# [What you will do]
Write out exactly the lines of the material below, beginning at the top and ending at the line that contains "Gemütliche Wohnsiedlung in Essen".

# [Exercise material]
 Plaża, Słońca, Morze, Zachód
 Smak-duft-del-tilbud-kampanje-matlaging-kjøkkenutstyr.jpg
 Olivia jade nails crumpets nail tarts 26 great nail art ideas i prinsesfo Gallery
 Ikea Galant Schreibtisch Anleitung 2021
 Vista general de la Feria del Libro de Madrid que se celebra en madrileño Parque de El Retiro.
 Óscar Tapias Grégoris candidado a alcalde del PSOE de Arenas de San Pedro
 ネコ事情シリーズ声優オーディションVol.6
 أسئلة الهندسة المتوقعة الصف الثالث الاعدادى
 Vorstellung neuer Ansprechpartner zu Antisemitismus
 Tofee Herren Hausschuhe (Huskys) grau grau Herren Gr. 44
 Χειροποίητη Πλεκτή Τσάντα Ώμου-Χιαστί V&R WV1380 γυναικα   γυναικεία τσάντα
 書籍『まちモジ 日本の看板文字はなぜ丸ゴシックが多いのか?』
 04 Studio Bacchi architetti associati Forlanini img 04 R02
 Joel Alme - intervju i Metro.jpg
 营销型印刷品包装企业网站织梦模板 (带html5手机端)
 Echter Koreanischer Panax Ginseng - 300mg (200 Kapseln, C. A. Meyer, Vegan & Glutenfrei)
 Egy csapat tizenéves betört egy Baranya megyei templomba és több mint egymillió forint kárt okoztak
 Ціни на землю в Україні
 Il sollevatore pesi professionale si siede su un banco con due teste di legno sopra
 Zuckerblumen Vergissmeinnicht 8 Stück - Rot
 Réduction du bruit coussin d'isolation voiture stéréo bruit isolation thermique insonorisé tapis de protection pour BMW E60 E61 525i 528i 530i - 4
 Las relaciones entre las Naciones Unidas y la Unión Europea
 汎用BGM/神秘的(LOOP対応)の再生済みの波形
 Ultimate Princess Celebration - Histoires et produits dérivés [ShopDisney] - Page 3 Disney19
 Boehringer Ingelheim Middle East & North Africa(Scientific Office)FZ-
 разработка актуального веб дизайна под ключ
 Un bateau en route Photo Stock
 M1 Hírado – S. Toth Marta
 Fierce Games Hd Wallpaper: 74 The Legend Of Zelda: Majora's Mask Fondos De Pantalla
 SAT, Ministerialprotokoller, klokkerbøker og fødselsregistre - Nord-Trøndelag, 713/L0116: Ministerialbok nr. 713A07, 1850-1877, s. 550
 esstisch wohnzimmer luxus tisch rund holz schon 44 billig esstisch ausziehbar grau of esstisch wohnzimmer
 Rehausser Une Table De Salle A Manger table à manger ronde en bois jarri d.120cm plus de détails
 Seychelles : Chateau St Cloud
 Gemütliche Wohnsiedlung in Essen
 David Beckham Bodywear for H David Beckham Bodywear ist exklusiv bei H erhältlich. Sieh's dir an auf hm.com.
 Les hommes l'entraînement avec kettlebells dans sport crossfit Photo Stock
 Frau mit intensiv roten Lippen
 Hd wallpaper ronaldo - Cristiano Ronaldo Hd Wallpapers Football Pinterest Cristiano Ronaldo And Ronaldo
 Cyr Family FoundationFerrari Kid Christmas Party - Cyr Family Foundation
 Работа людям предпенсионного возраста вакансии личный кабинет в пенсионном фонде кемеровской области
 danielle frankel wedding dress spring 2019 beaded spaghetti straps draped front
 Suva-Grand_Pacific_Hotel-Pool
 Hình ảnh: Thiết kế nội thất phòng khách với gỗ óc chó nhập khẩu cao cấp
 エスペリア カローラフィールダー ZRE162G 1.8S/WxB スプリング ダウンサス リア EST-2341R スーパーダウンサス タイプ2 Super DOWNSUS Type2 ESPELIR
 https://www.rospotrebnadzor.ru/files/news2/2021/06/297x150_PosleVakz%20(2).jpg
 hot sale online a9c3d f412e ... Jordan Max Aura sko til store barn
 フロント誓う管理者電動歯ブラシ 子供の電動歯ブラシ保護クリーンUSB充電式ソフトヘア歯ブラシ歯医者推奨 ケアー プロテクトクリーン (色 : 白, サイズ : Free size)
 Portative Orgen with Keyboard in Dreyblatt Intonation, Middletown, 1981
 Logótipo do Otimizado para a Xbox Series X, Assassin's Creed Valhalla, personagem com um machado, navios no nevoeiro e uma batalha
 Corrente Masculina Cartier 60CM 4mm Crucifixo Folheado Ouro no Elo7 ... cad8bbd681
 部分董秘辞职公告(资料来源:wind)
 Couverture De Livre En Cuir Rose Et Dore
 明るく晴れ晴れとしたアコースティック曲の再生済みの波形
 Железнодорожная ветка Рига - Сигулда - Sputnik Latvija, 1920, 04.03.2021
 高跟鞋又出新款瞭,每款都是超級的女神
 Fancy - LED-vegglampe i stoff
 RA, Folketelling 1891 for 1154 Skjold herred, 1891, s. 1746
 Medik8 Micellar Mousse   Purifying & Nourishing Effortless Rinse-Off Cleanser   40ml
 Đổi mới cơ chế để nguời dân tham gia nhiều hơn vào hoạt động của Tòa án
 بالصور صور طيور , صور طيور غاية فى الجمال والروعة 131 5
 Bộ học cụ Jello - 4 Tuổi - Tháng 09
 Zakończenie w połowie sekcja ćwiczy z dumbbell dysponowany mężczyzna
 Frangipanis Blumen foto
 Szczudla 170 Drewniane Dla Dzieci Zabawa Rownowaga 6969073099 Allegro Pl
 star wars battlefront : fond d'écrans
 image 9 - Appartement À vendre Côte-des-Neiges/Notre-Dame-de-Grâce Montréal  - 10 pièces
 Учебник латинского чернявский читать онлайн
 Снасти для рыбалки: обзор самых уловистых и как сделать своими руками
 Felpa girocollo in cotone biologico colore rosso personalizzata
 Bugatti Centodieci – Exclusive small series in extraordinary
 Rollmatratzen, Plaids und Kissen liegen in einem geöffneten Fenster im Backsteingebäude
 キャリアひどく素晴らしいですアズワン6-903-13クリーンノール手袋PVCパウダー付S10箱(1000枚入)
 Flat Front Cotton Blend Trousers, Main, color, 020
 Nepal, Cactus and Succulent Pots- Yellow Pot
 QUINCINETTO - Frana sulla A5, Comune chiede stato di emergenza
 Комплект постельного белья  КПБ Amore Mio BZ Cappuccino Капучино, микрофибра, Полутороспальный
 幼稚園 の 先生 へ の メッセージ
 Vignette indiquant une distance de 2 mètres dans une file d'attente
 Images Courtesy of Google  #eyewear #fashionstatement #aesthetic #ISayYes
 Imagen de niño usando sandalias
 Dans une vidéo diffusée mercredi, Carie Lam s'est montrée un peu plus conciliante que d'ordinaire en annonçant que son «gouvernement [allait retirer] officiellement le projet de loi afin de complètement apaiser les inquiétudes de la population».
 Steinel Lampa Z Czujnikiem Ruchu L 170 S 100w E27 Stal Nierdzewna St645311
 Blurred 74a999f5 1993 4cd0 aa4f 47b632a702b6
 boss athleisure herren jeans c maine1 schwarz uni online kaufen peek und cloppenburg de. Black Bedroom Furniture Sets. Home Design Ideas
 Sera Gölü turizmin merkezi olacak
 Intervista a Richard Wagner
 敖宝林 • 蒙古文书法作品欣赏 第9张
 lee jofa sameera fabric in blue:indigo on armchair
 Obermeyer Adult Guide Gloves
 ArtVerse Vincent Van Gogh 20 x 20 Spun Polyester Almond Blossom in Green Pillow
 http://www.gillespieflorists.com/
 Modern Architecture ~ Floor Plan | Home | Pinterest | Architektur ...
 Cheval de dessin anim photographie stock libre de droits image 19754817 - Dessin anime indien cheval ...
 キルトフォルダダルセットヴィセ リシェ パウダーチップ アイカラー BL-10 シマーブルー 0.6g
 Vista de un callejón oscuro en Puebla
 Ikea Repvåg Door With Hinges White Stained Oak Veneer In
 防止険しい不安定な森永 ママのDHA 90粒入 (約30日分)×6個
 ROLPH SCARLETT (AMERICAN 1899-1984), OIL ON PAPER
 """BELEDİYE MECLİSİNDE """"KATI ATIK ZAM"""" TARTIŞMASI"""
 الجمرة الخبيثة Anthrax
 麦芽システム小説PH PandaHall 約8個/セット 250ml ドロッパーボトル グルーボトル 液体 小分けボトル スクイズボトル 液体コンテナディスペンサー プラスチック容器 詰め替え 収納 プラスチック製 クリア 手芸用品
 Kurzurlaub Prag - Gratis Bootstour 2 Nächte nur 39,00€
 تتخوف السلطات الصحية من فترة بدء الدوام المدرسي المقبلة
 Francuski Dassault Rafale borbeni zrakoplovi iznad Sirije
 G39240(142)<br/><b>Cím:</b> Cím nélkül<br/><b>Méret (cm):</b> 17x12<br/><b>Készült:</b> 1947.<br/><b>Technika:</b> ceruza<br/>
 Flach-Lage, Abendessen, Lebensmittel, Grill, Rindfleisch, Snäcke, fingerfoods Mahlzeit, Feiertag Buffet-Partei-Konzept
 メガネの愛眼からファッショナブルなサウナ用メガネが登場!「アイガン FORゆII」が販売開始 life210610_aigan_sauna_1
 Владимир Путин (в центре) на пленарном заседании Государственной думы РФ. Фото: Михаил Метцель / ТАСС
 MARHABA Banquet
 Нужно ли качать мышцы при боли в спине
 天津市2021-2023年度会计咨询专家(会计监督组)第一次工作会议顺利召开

# [Solution]
 Plaża, Słońca, Morze, Zachód
 Smak-duft-del-tilbud-kampanje-matlaging-kjøkkenutstyr.jpg
 Olivia jade nails crumpets nail tarts 26 great nail art ideas i prinsesfo Gallery
 Ikea Galant Schreibtisch Anleitung 2021
 Vista general de la Feria del Libro de Madrid que se celebra en madrileño Parque de El Retiro.
 Óscar Tapias Grégoris candidado a alcalde del PSOE de Arenas de San Pedro
 ネコ事情シリーズ声優オーディションVol.6
 أسئلة الهندسة المتوقعة الصف الثالث الاعدادى
 Vorstellung neuer Ansprechpartner zu Antisemitismus
 Tofee Herren Hausschuhe (Huskys) grau grau Herren Gr. 44
 Χειροποίητη Πλεκτή Τσάντα Ώμου-Χιαστί V&R WV1380 γυναικα   γυναικεία τσάντα
 書籍『まちモジ 日本の看板文字はなぜ丸ゴシックが多いのか?』
 04 Studio Bacchi architetti associati Forlanini img 04 R02
 Joel Alme - intervju i Metro.jpg
 营销型印刷品包装企业网站织梦模板 (带html5手机端)
 Echter Koreanischer Panax Ginseng - 300mg (200 Kapseln, C. A. Meyer, Vegan & Glutenfrei)
 Egy csapat tizenéves betört egy Baranya megyei templomba és több mint egymillió forint kárt okoztak
 Ціни на землю в Україні
 Il sollevatore pesi professionale si siede su un banco con due teste di legno sopra
 Zuckerblumen Vergissmeinnicht 8 Stück - Rot
 Réduction du bruit coussin d'isolation voiture stéréo bruit isolation thermique insonorisé tapis de protection pour BMW E60 E61 525i 528i 530i - 4
 Las relaciones entre las Naciones Unidas y la Unión Europea
 汎用BGM/神秘的(LOOP対応)の再生済みの波形
 Ultimate Princess Celebration - Histoires et produits dérivés [ShopDisney] - Page 3 Disney19
 Boehringer Ingelheim Middle East & North Africa(Scientific Office)FZ-
 разработка актуального веб дизайна под ключ
 Un bateau en route Photo Stock
 M1 Hírado – S. Toth Marta
 Fierce Games Hd Wallpaper: 74 The Legend Of Zelda: Majora's Mask Fondos De Pantalla
 SAT, Ministerialprotokoller, klokkerbøker og fødselsregistre - Nord-Trøndelag, 713/L0116: Ministerialbok nr. 713A07, 1850-1877, s. 550
 esstisch wohnzimmer luxus tisch rund holz schon 44 billig esstisch ausziehbar grau of esstisch wohnzimmer
 Rehausser Une Table De Salle A Manger table à manger ronde en bois jarri d.120cm plus de détails
 Seychelles : Chateau St Cloud
 Gemütliche Wohnsiedlung in Essen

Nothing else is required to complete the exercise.